La idea clave es sencilla: el divorcio o la separación no extinguen por sí mismos el alquiler ni cambian automáticamente al arrendatario. Habrá que distinguir entre quién tiene atribuido el uso de la vivienda familiar y quién figura en el contrato; y, si el uso se atribuye al cónyuge no arrendatario, conviene revisar con especial atención el art. 15 LAU, que regula la continuación en el arrendamiento en supuestos de nulidad, separación o divorcio.
Cuando la ruptura llega poco después de firmar el contrato, suelen aparecer dudas prácticas muy concretas: quién paga la renta, qué pasa con la fianza, si hay que avisar al arrendador, cómo reflejarlo en el convenio regulador o qué hacer si uno se marcha y el otro pretende quedarse. En estos casos, documentar bien la situación desde el inicio puede evitar conflictos posteriores.
Qué pasa con un divorcio con contrato de alquiler reciente
Si la ruptura se produce poco después de firmar un contrato de alquiler, no existe una regla especial por el mero hecho de que el contrato sea reciente.
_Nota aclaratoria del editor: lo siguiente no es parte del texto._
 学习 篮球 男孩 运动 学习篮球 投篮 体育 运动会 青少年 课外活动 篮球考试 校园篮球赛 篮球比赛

Lo relevante será qué dice el contrato, quién aparece como arrendatario, si ambos firmaron o solo uno, si la vivienda constituye la vivienda familiar y qué medidas se adopten en el proceso de separación, divorcio o, en su caso, de medidas paternofiliales.
Desde el punto de vista práctico, conviene evitar una confusión habitual: que una persona siga viviendo en la casa no significa necesariamente que pase a ser titular del contrato. Y, a la inversa, que una persona figure como arrendataria no implica por sí solo que vaya a conservar el uso de la vivienda si en sede familiar se adopta otra medida respecto de los hijos o de la vivienda familiar.
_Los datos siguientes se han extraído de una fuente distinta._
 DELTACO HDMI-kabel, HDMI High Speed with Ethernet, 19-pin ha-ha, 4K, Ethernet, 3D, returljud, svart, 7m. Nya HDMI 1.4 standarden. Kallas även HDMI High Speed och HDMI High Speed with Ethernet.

En España, el análisis suele requerir coordinar:
- el plano familiar, especialmente el contenido del convenio regulador conforme al art. 90 del Código Civil y, cuando proceda, la atribución del uso de la vivienda familiar prevista en el art. 96 del Código Civil;
- el plano arrendaticio, regido por el contrato de arrendamiento y por la LAU, con atención específica al art. 15 LAU si se pretende la continuación en el arrendamiento por quien no figuraba como arrendatario.
Por eso, ante un contrato alquiler divorcio, no basta con mirar solo la sentencia o solo el contrato: hay que leer ambas piezas de forma coordinada y valorar también cómo se ha venido pagando la renta, quién asumió suministros y qué documentación existe sobre la residencia efectiva en la vivienda.
Diferencia entre uso de la vivienda familiar y titularidad del contrato de alquiler
Esta distinción es esencial para no cometer errores. El uso de la vivienda familiar pertenece al ámbito de las medidas familiares: puede atribuirse a uno de los cónyuges o progenitores atendiendo a las circunstancias del caso, especialmente si hay hijos menores o dependientes. En cambio, la titularidad del contrato de alquiler pertenece al ámbito arrendaticio: determina quién asumió la posición contractual frente al arrendador.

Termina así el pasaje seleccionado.